What kind of physical switch (or switches) do you have connected to the hosts?
Cisco Catalyst 2960-S ... Backplane should be able to handle the traffic!
When you say that you lose connections to routers and other network devices, are that from inside the ESXi hosts or do you lose the connections as well from other network attached devices?
I wonder if using the HP Customized ESXi ISO would help? Maybe this is a driver issue that only appears under heavy load?

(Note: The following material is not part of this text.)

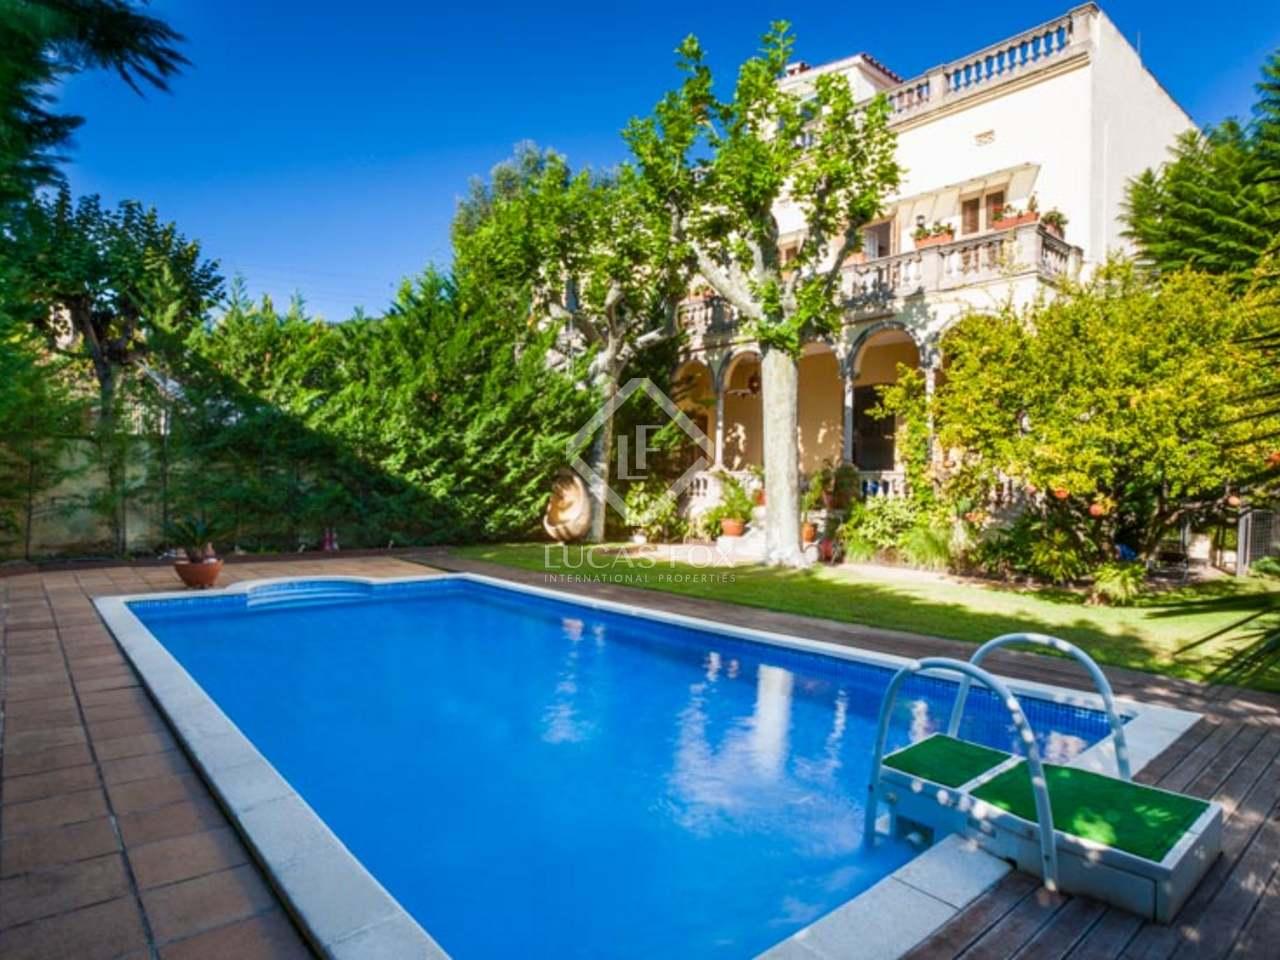 Casa de 5 dormitorios en alquiler con un jard n y piscina for Casa con jardin alquiler barcelona
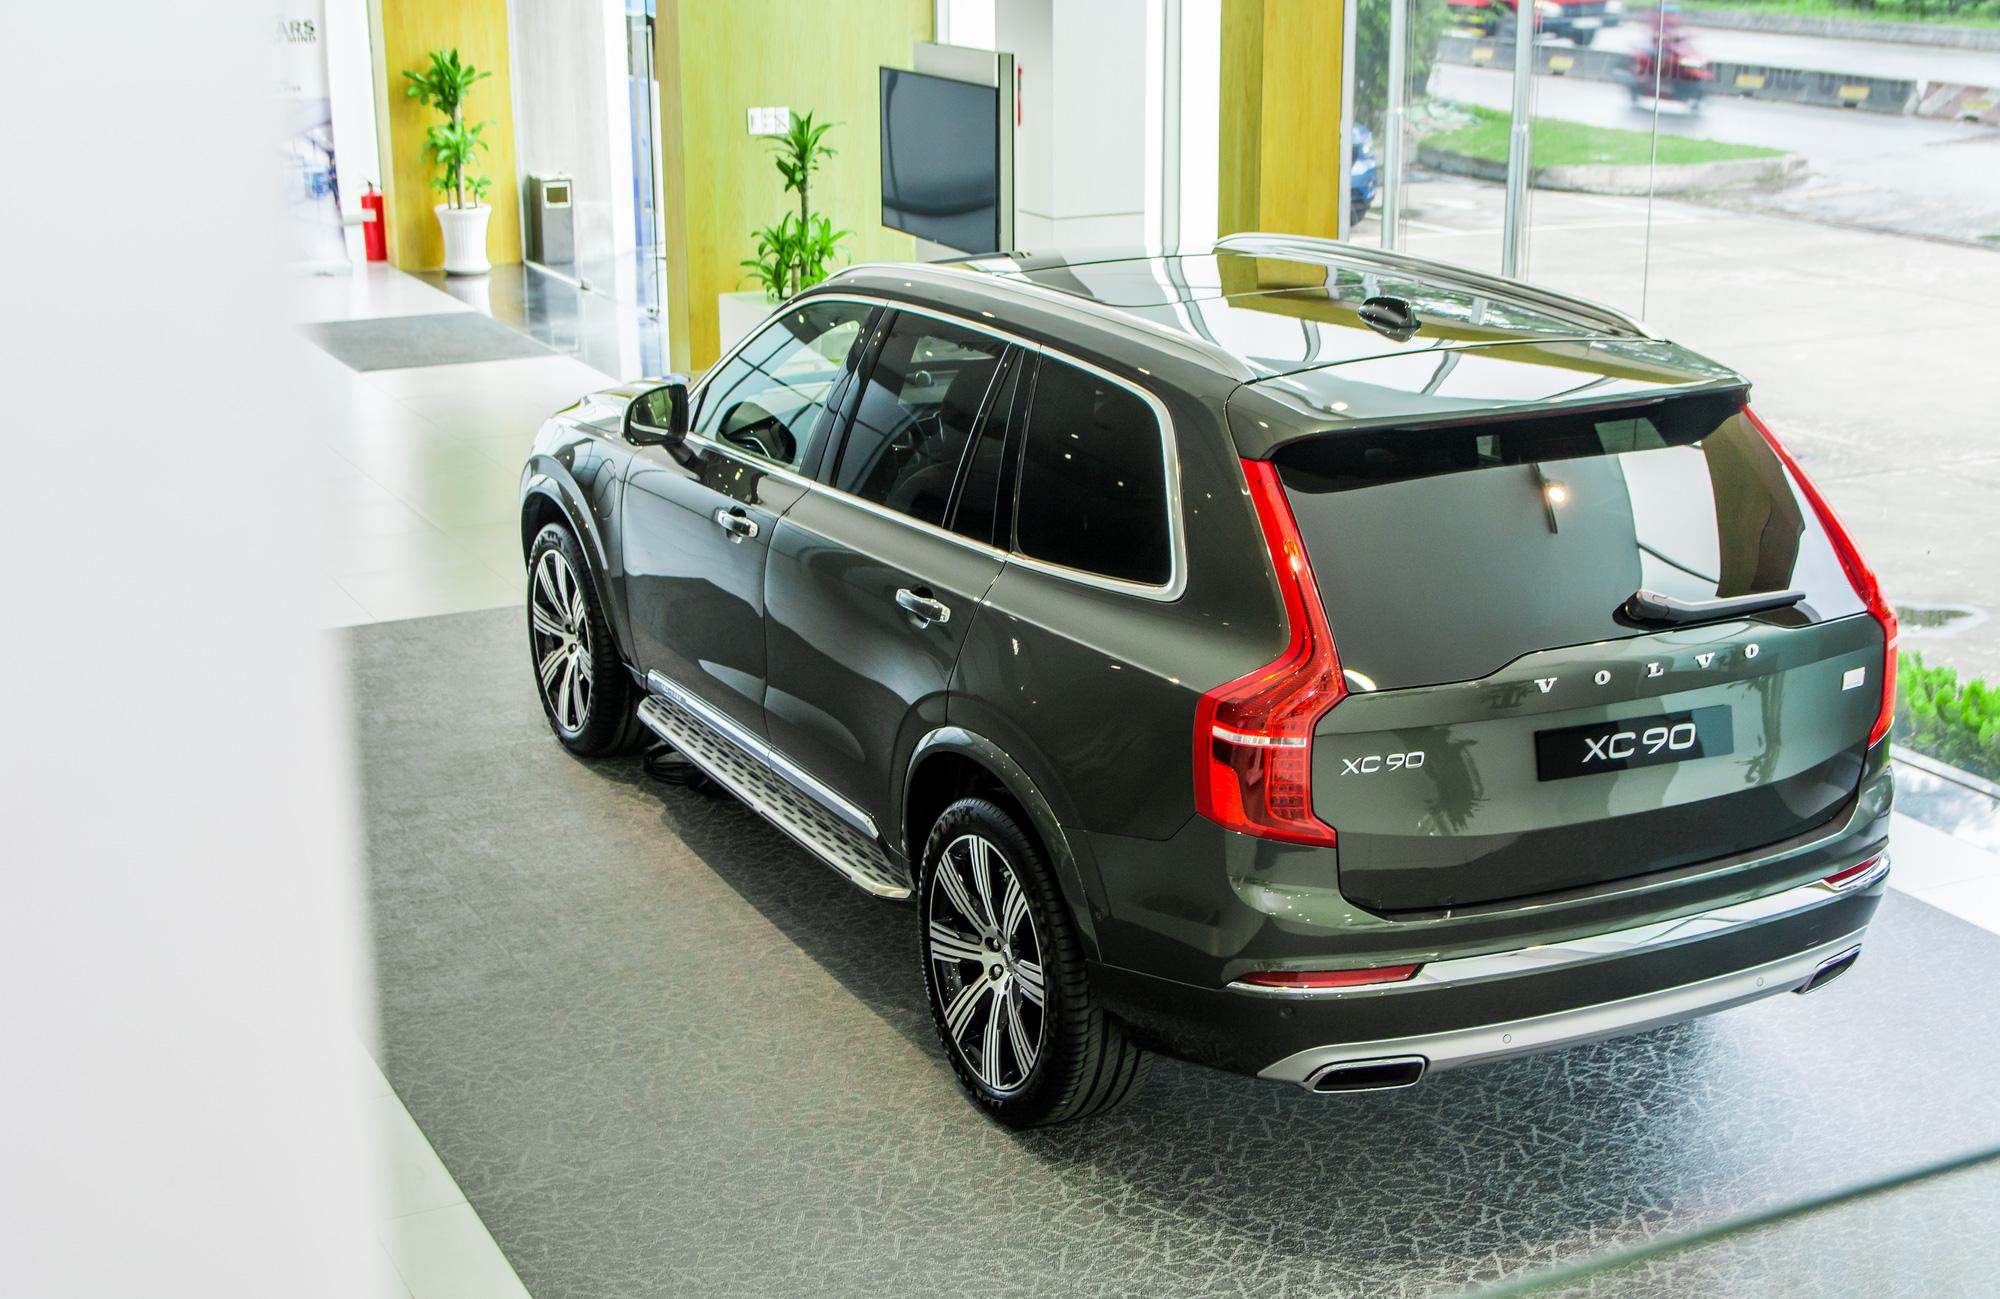 Với nâng cấp chính nằm ở động cơ, Volvo XC90 T8 2020 có giá bán lẻ là 4,599 tỷ đồng. Đối thủ của mẫu SUV này bao gồm BMW X5, Mercedes-Benz GLE hay Audi Q7. Điểm mạnh của XC90 so với các mẫu xe sang châu Âu khác là động cơ plug-in hybrid và hàng loạt công nghệ an toàn tối tân.

@richard noble: my network-monitoring sends me several alarms and aswell my client pc cannot reach some VMs in the LAN or WAN
@michaelstump: i am already using HP image
at the moment i am following some hint regarding unicast flooding and arp timeouts which are affecting the spanning tree infrastructure...did somebody had some experiences or hints about this?
KKrtz wrote:
at the moment i am following some hint regarding unicast flooding and arp timeouts which are affecting the spanning tree infrastructure...did somebody had some experiences or hints about this?
vMotion and ARP should not in any way impact Spanning Tree. However if you have some issue with your network card being disconnected by some error then Spanning Tree might make the situation worse, not the least if running the original and obsolete STP.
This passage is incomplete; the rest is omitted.